Wednesday, January 27, 2010

I found this..... found it amusing

I used to take stupid forwards and add my own comments... so here is one i found today.. enjoy.. the white is my text.

Why is it so hard to tell the truth... (because that shit is no fun.. and it gets you in trouble) yet so easy to tell a lie, why do we sleep in the church.. (hey! i don't sleep.. i color!) but when the sermon is over we suddenly wake up?(because that's like the fucking dinner bell.. it means that it's lunch time!) why is it so hard to talk about God. (he doesn't talk about me to his friends.. and he really pisses me off a lot of times.. fucking tornados and earthquakes.. where are the pretty swirls of flying pink bunnies or the earth erupting a sea of orchids??) but so easy to talk about sex? (would you rather hear about multiple orgasms or how you are going to burn in hell for making yourself have them?) why are we so bored to look at a Christian magazine... (umm.. maybe the lack of the article called "what would jesus do.. in bed") but so easy to read a playboy magazine? (people read playboy?) why is it so easy to delete a Godly offline messages. (whatever you trying to say here just lost me.. shit, you sound like my preacher.. when i drop the red marker behind the pew and have to listen to him as i look for it) yet we forward the nasty ones? (oh you were talking about this crap.. well i am going to forward it...) why are churches getting smaller.. (atkins??) but yet the bars and clubs are growing??...(because you only get one shot of communion wine.. no matter how much you tip the preacher.. and they really frown that!) think about it... (actually i think the dumbass that wrote this needs to think about it..) are you going to forward this or delete it? (i think i'm gonna print it, dip it in vodka and stick in my lover's naughty regions!) Just remember God is watching you (shit! i forgot about that.. wait. if god is really watching me that much, maybe it's because i have a good stock of porn... like they have porn in heaven!) if u love Jesus (the guy that cuts my grass on thursdays?) then send this to everyone (and how is that possible? my grandma is one of the alusive 'everyone' and she runs when she sees a computer.)

Tuesday, January 19, 2010

fuck babies

any man that says he loves babies, doesn't fucking have one........

Friday, December 18, 2009

Fuck Chirstmas!

i get this fucking way every year. never fails. normally i can just hide away in a cocoon of NIN, Tori and beer... but this year comes with obligations. obligations that drive me up the fucking wall.
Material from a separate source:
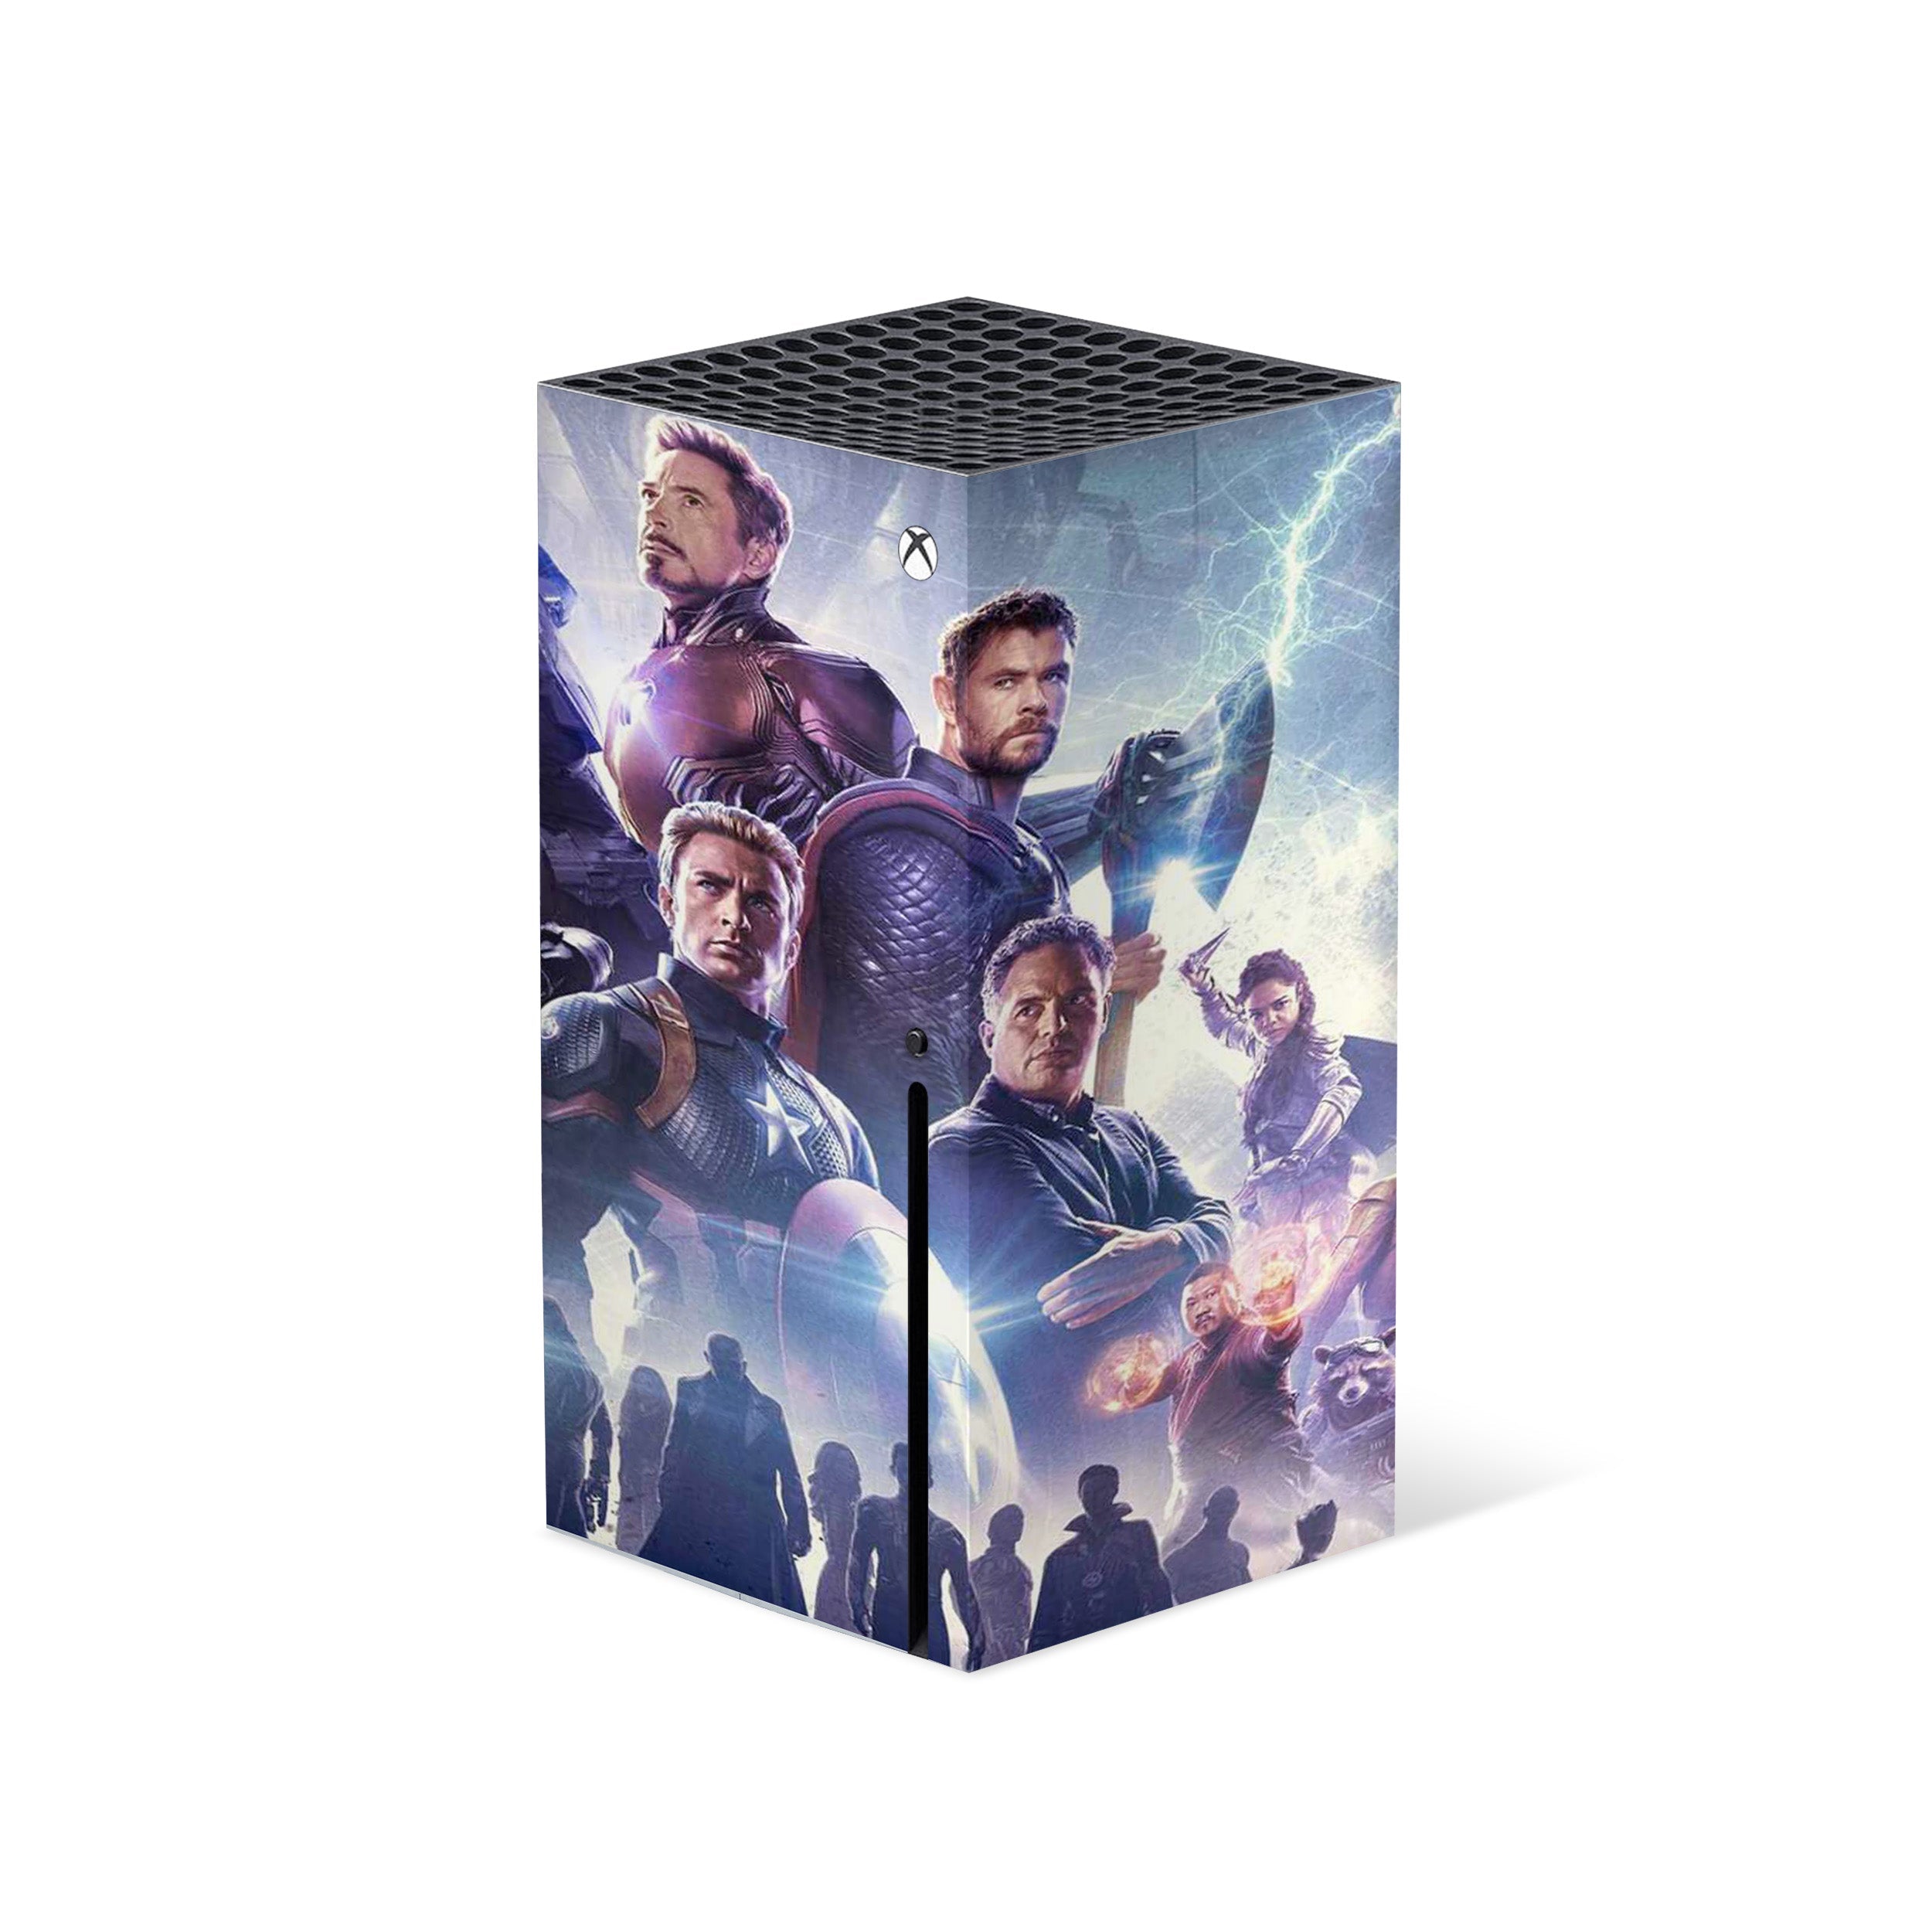 A video game skin featuring a Marvel Cinematic Universe design for the Xbox Series X.

kids are like marriage. it seems like a good idea and all, but it's not what the picture in the catalog looked like. and it doesn't help when you have a wife with baby issues. good and bad. but she's fucking smothering him (my observation) and now she's paying the price because he won't leave her alone. i wish she could get a job so 1. she could be away for a little bit and see what the rest of the world is up to. and 2. so he can learn that mommy won't always be around.

i have made it clear from the beginning that i am not a baby person. i abhor babies. yet, this one being my own has made it a bit easier. so i have tried. but watching him feels like a job to me. like a second job that i'm not getting paid for. and a job that i am totally not qualified for and have no prior training.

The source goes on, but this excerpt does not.